=== INFORMATION SUPPLIED ===

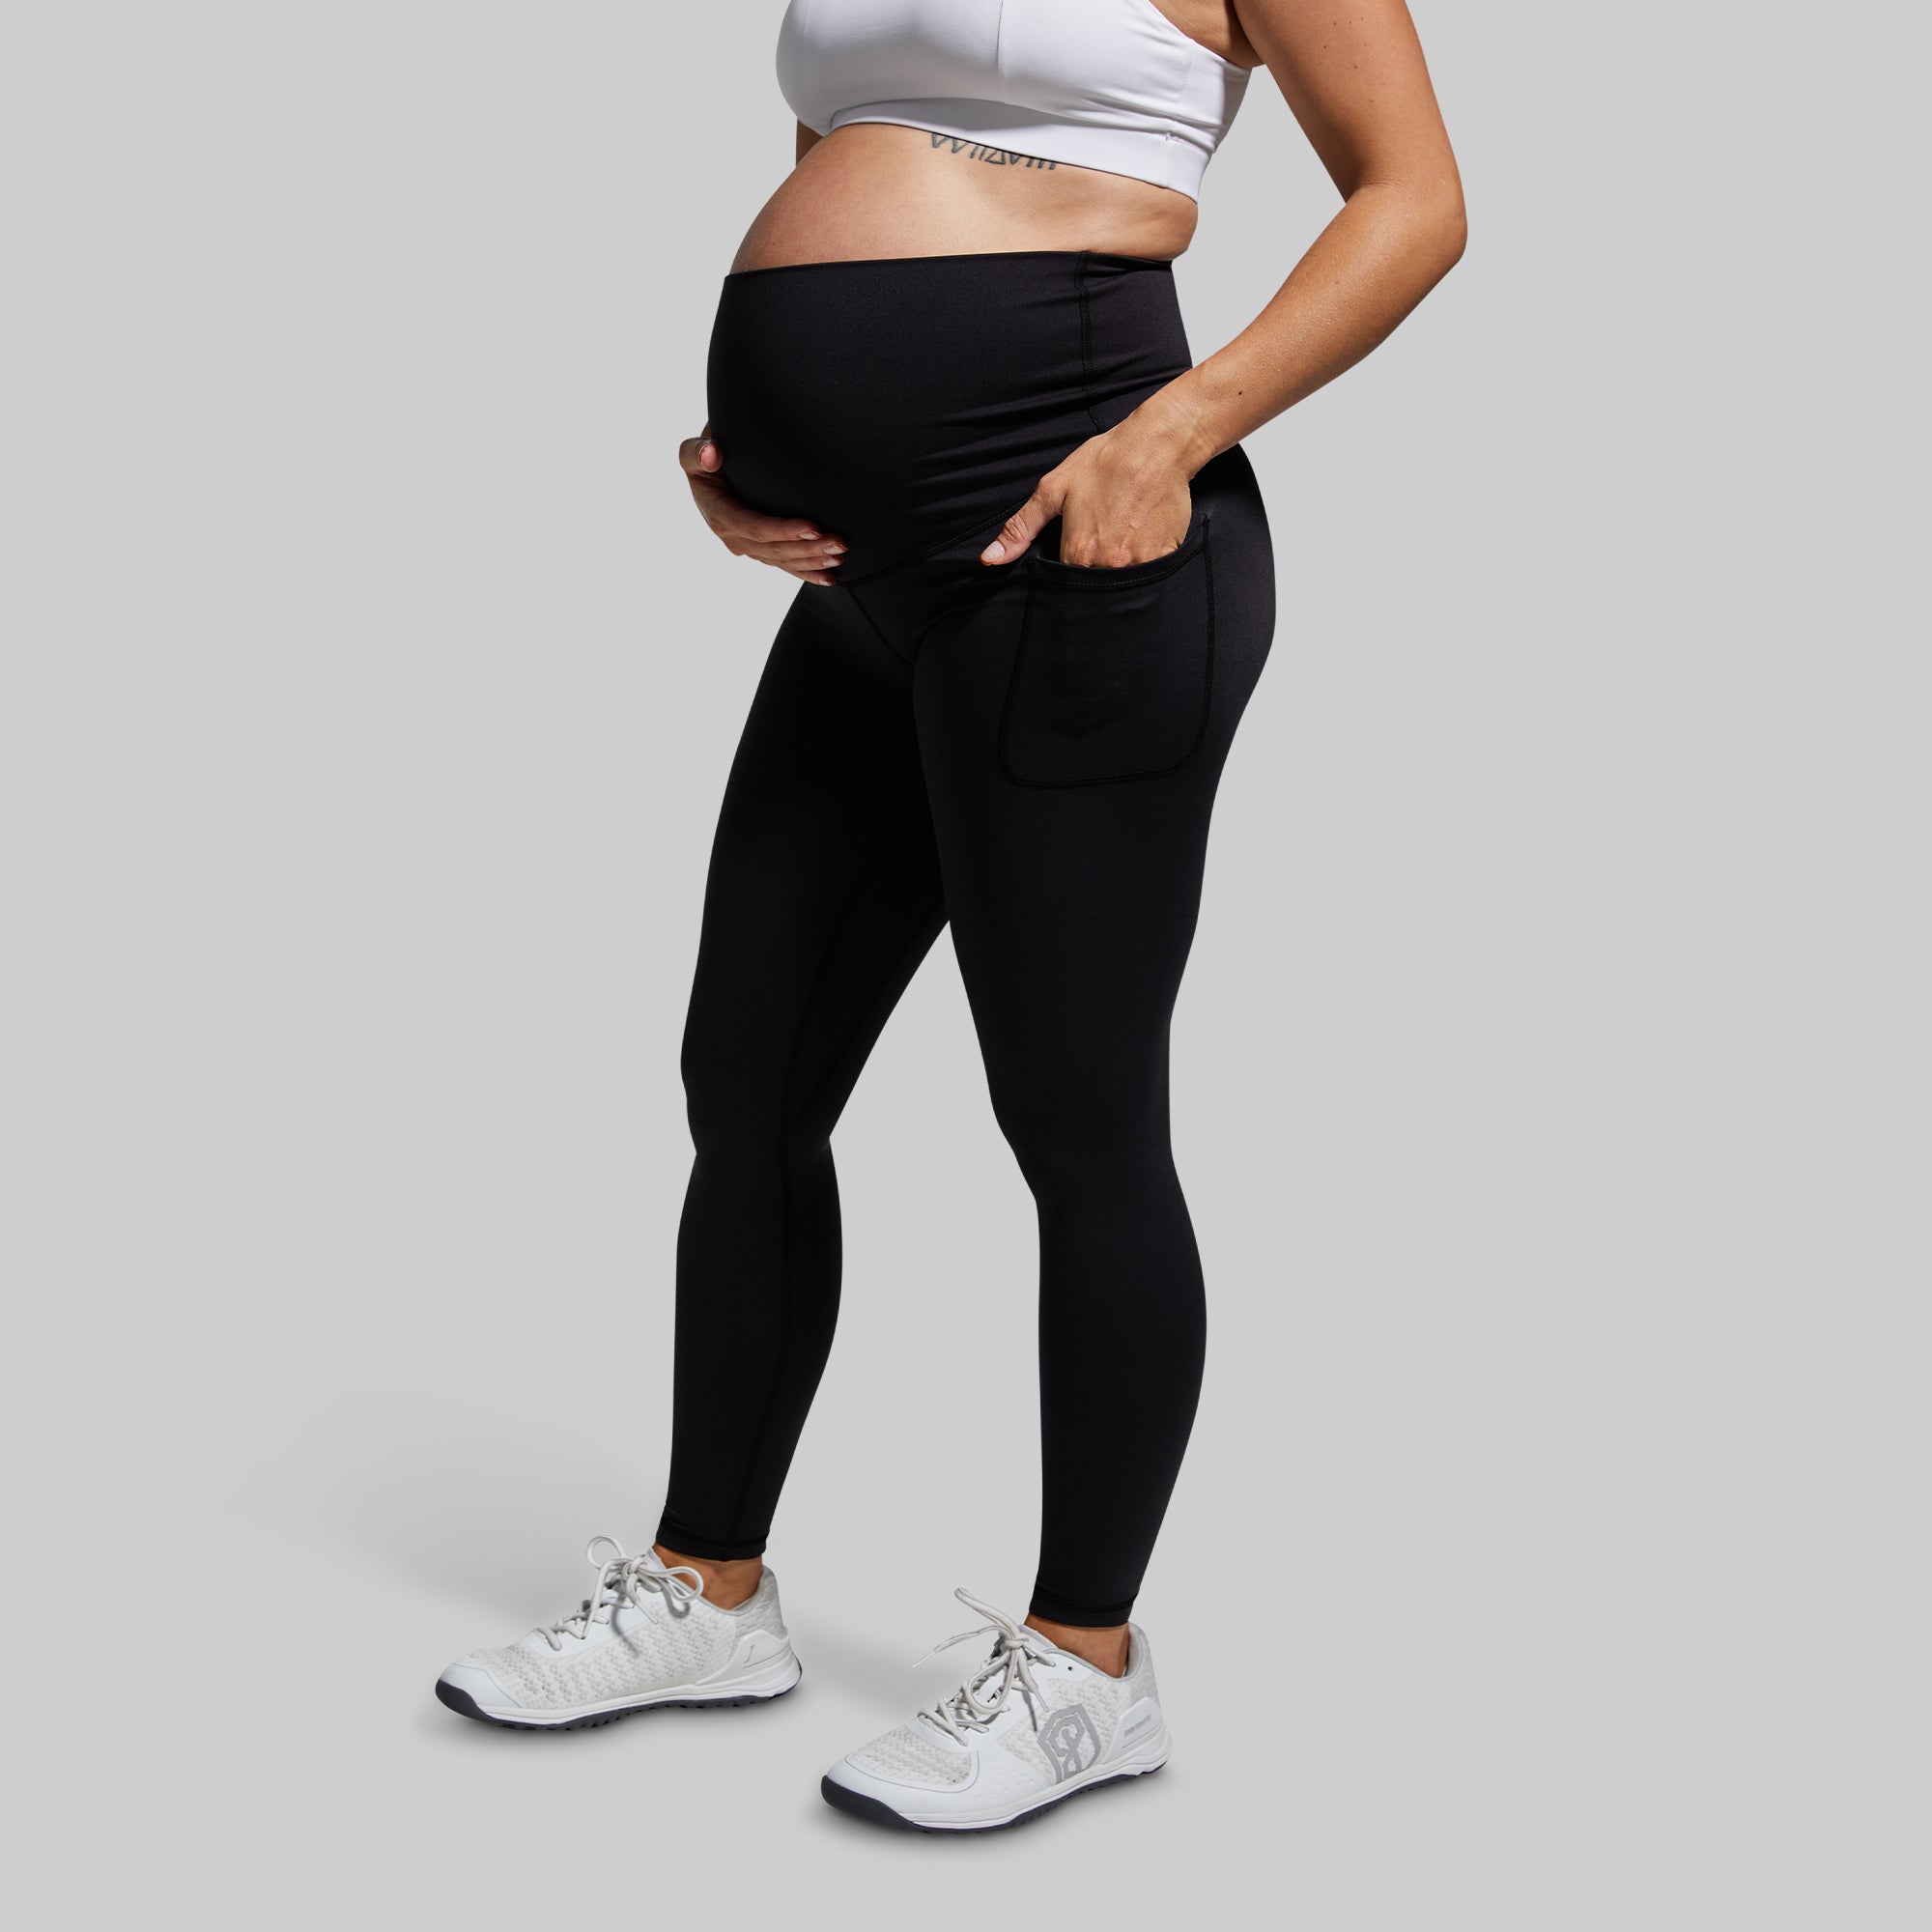 Momyknows Black Pockets High Rise Stretch Pregnant Legging Sports
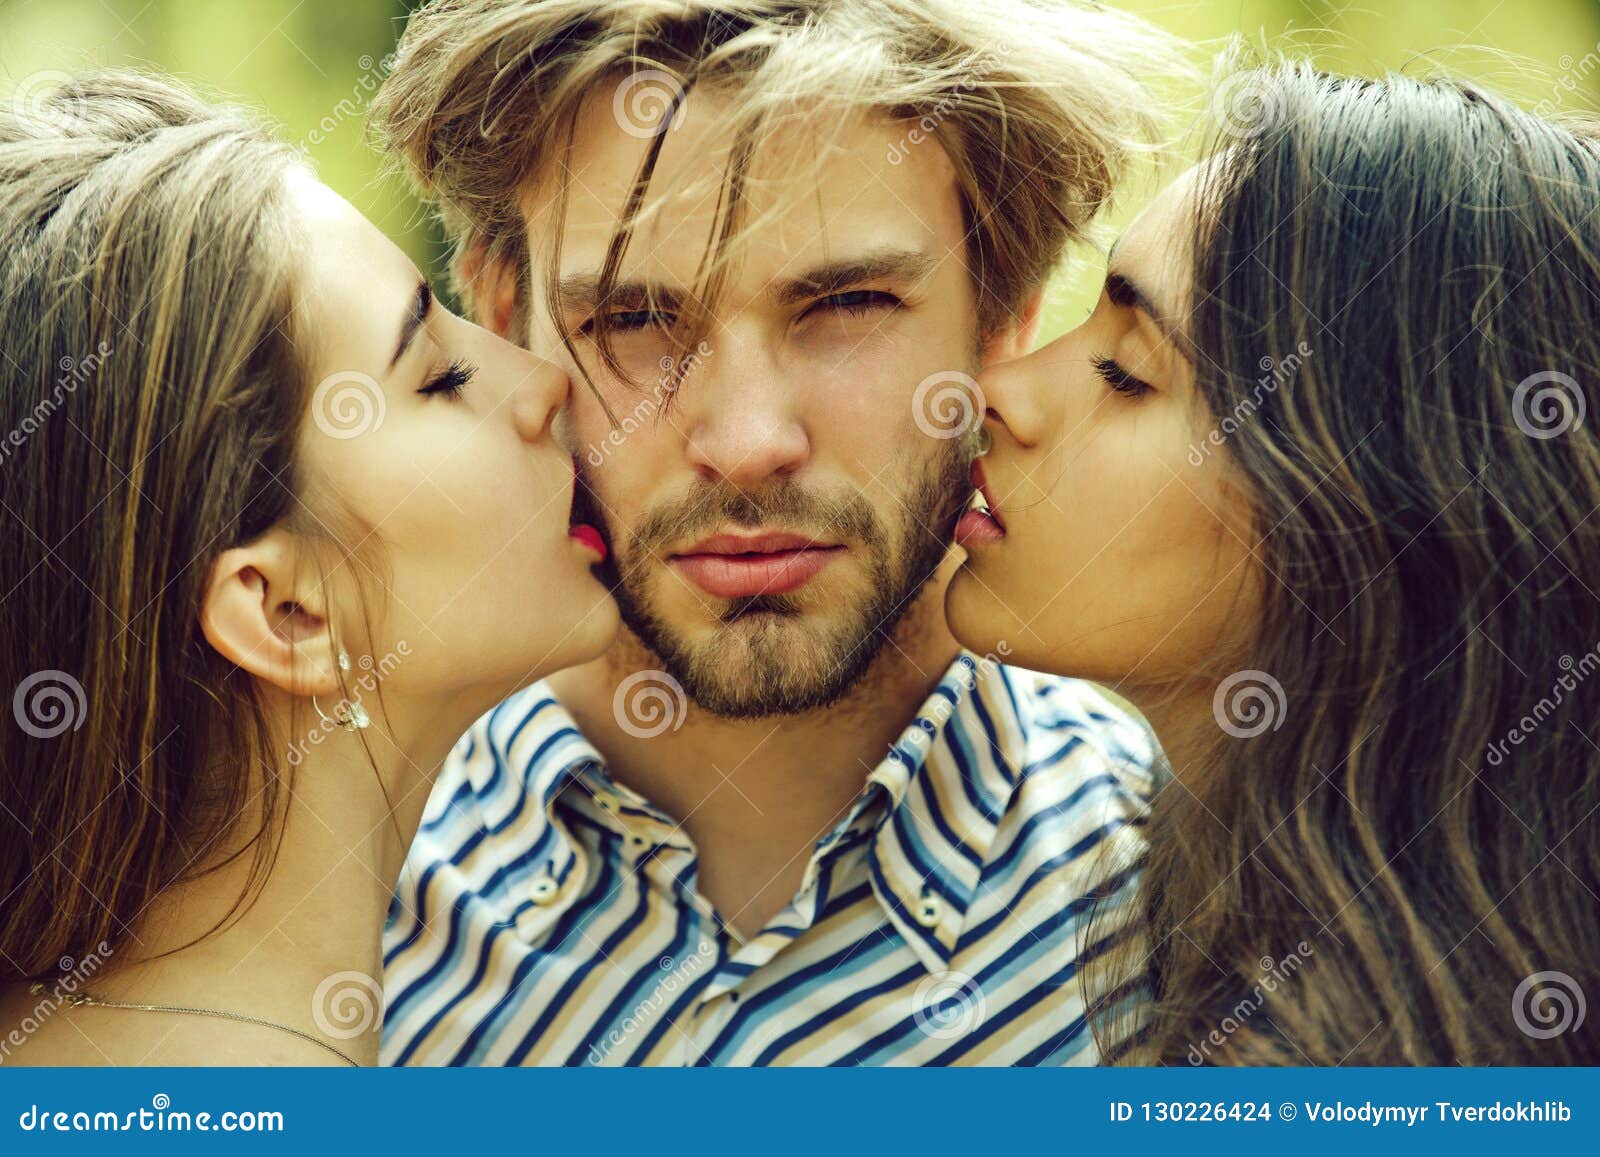 Girl man kiss Where Do
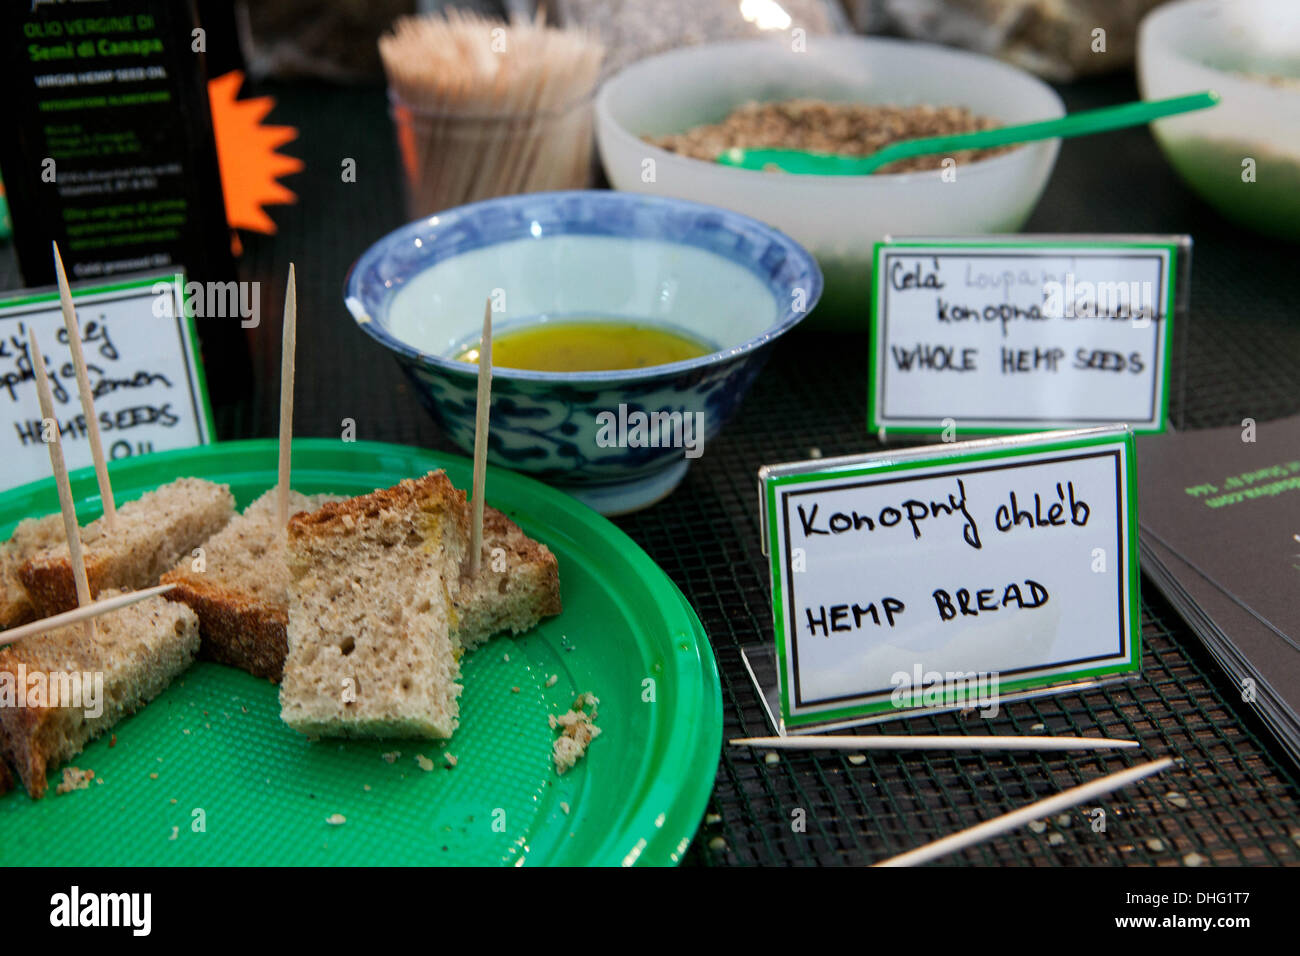 Hemp Fair.Hemp bread, oil and seeds to taste. Stock Photo
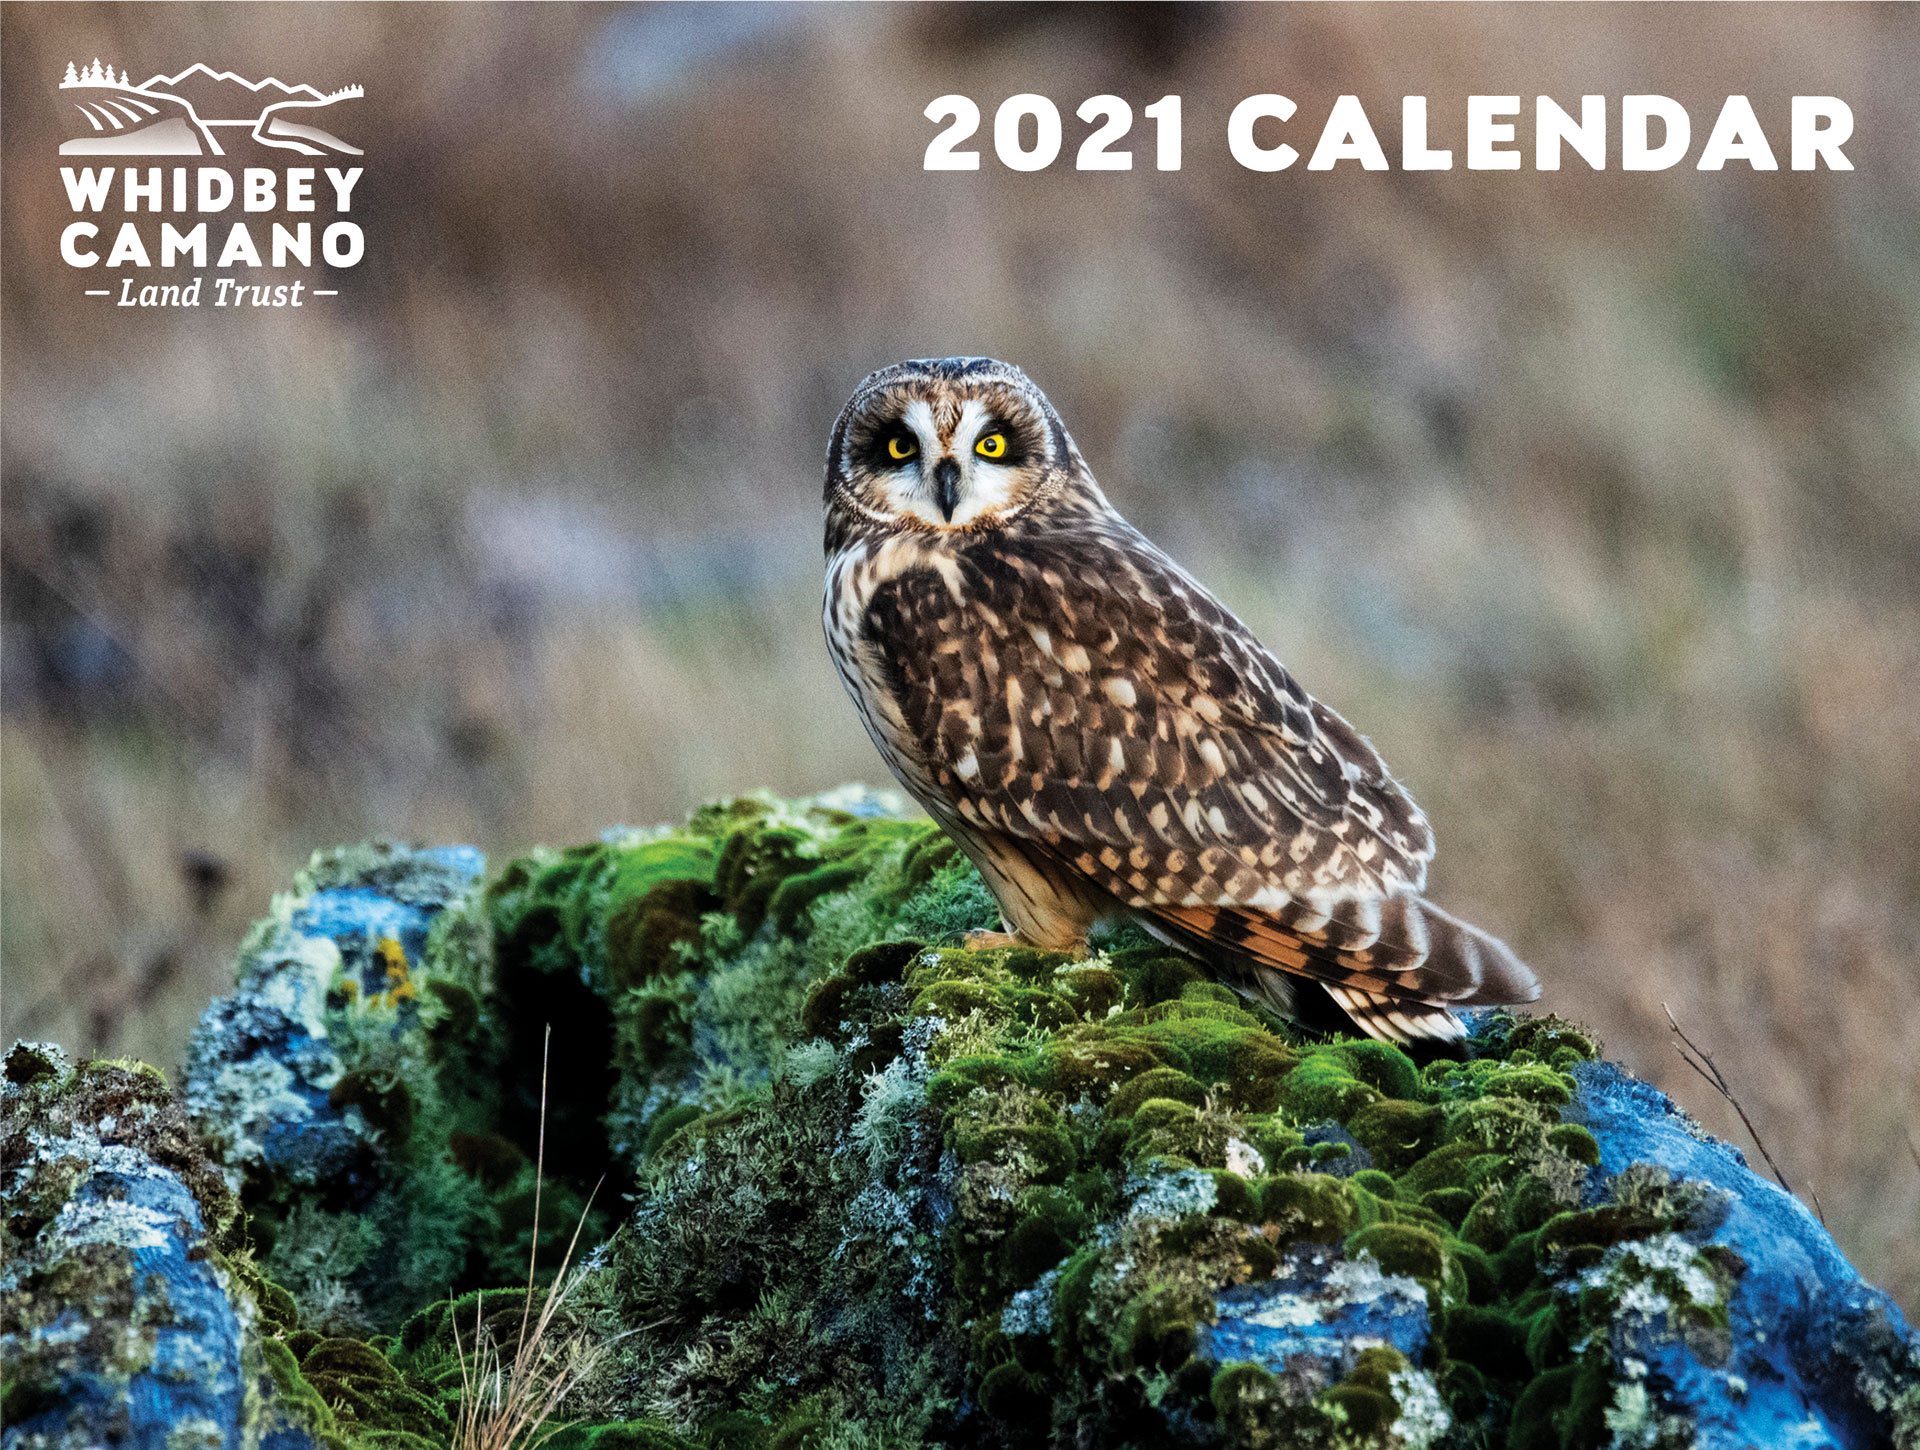 2021 Land Trust Calendar

===

▸ WHAT YOU SHOULD DO: Give back the entire listing verbatim, without the pictures.

▸ RESULT:
 Momyknows Black Pockets High Rise Stretch Pregnant Legging Sports
 Girl man kiss Where Do
 Hemp Fair.Hemp bread, oil and seeds to taste. Stock Photo
 2021 Land Trust Calendar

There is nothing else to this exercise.